Riordan: Statistically, most acquisitions fail to meet buyer and/or seller expectations. Everything looks great in the boardroom. If you make those decisions without understanding the cultures of different business and understanding that 2 plus 2 equals 7, 8, or 9 in the eyes of customers and the eyes of counter people and delivery people … if you don’t take those things into consideration, you’re going to have failure. It’s very labor intensive to put groups of people together in ways they are compatible and want to be on the same system and share resources. They don’t just want to get bigger; they want to get better. Scale will allow you to do more things. If you do it right, you can increase your profitability by consolidating the things that are not in the eyes of the customer; the back office, the systems, the way you move product around the channel. You also have the chance with size and scale to invest in more specialized ways to attract and make top suppliers that much happier with the result. Suppliers want strategic partners, and if those start, partners are also thinking locally while also operating locally. It’s a good blend, and usually everybody’s happy.

Kartch: I’d say consolidation has made us be more focused on understanding our markets and segments. I think we’ve done more to examine what our stage is and be more proactive in what types of programs and products that these segments will lend themselves to.

Q: What kinds of challenges do smarter customers bring to your company and what kinds of opportunities does that offer?

Kartch: One is just having information available. Are we looking at the problem or solution the same way the customer is? Do we understand what’s motivating them and what their drivers are? The other thing that it’s brought to our attention is our customers are looking for better ways to integrate and have the infrastructure and support to help them focus on what they want to do. They really want a better way to transact business with us.

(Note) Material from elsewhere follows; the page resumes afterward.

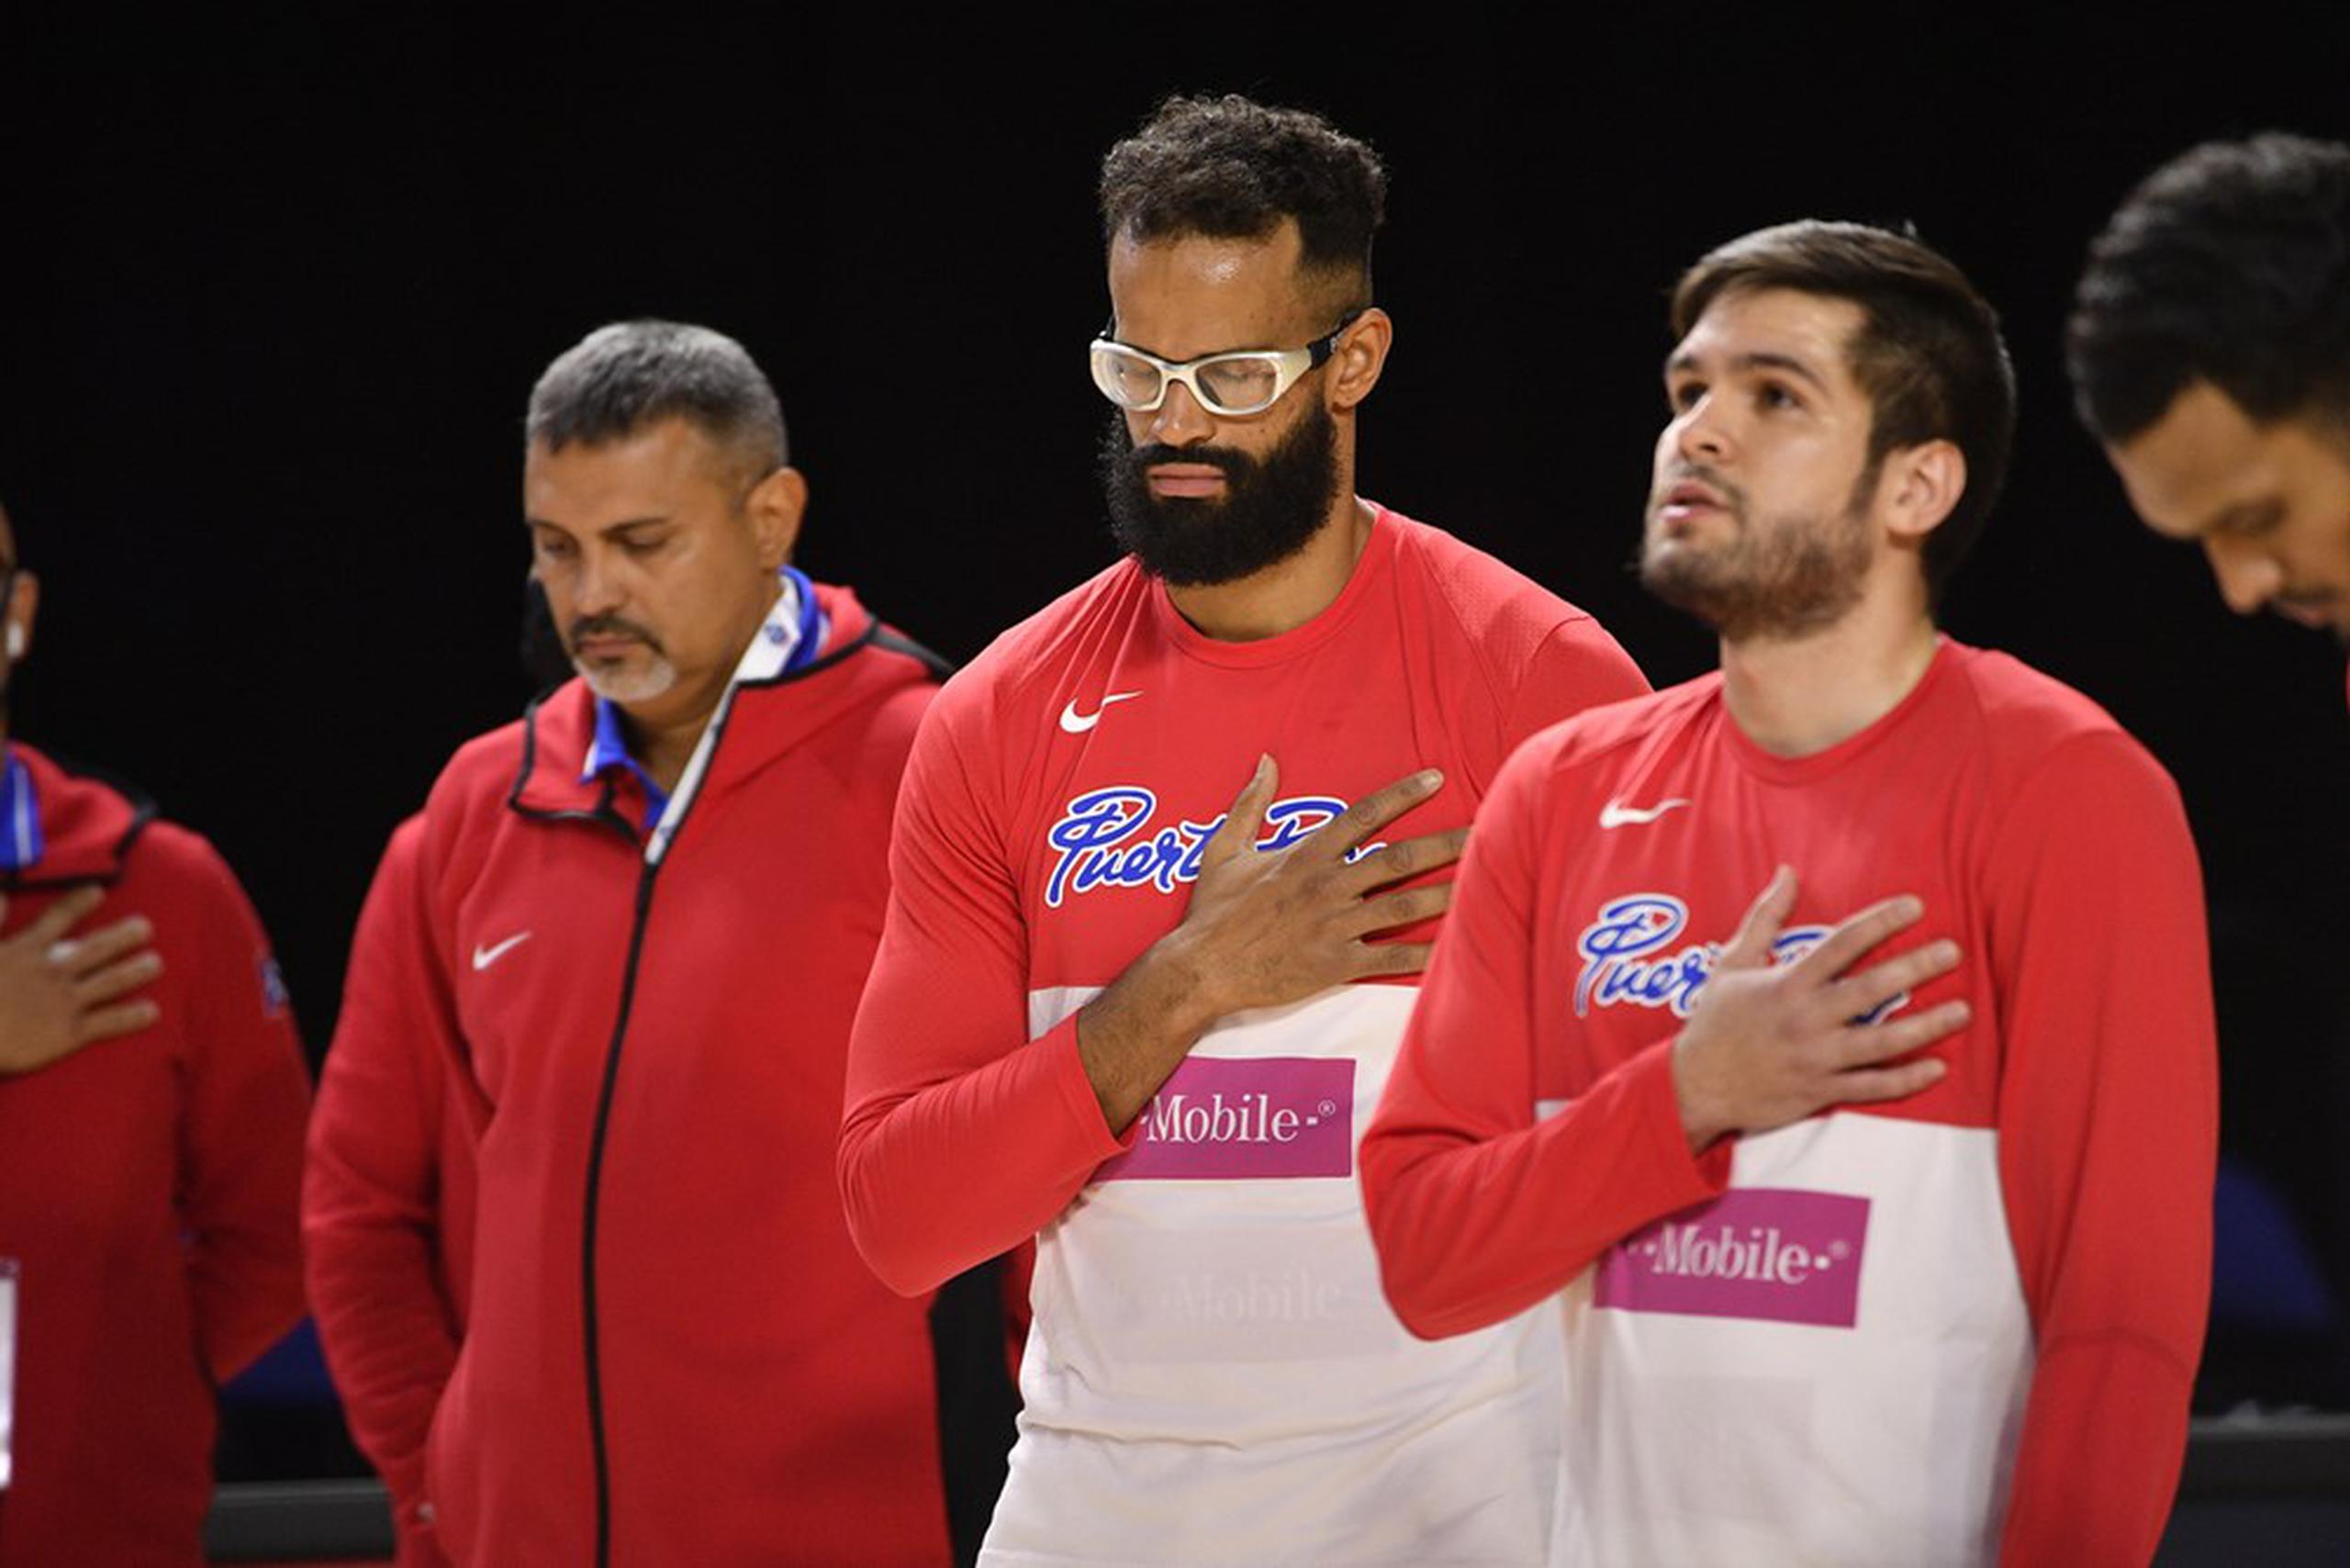 Puerto Rico ya no debutará en el Repechaje Olímpico este martes debido a la ausencia del torneo de Senegal. Ahora su primer juego será el jueves ante Italia. En la foto Eddie Casiano, Gilberto Clavell e Iván Gandía. (FIBA)

Kozek: Your guys have done a wonderful job of getting in front of customers and showing them what’s new and what your product can do to improve the bottom line of our customers. What can be crazy is if I go in there and say, ‘Instead of putting this air dryer in, put this air dryer in.’ I think if there is a message for me, it’s, ‘Hey, I want to put the best stuff on the trucks. Just make sure you give me a little bit of time for me to go to engineering and make sure we’re doing it right.’ That’s the key. As I said earlier, downtime is the enemy of our customers. If they can go years with just scheduled maintenance, the lowest cost of ownership is going to show trucks are the way to go and some of the other types of industries—rail, for example—those won’t continue to grow.

Riordan: Way too much attention is put on invoice cost and not on total cost of ownership. We’re beginning to see that change. It’s very difficult to compete with big fleets unless you have that scale. So it’s a combination of factors going on. We have to educate those customers more. It’s a bit challenging but we’re getting there.

Q: Let’s talk about the increased complexity of today’s trucks and your ability to serve the market and distribute products?

Kozek: Trucks today are so much more complex. There are hundreds of sensors. I think at last count, there were 400 sensors that can trigger a check engine light. What distributors need to be able to do is figure out, ‘What does that mean? How do I fix it? I don’t have the right part. Can I get the truck to the next place where the right part is and we can order it?’ We have a system that has that intent—to make sure there is a diagnosis with that particular code. Everybody in the industry is going to have that. To succeed, the distributors are going to need to know how to handle that specific situation. That will be something that grows. By 2017, that number is going to double in terms of what causes the check engine light. You have to train at the driver level, technician level, and really at the salesman and supplier levels as well.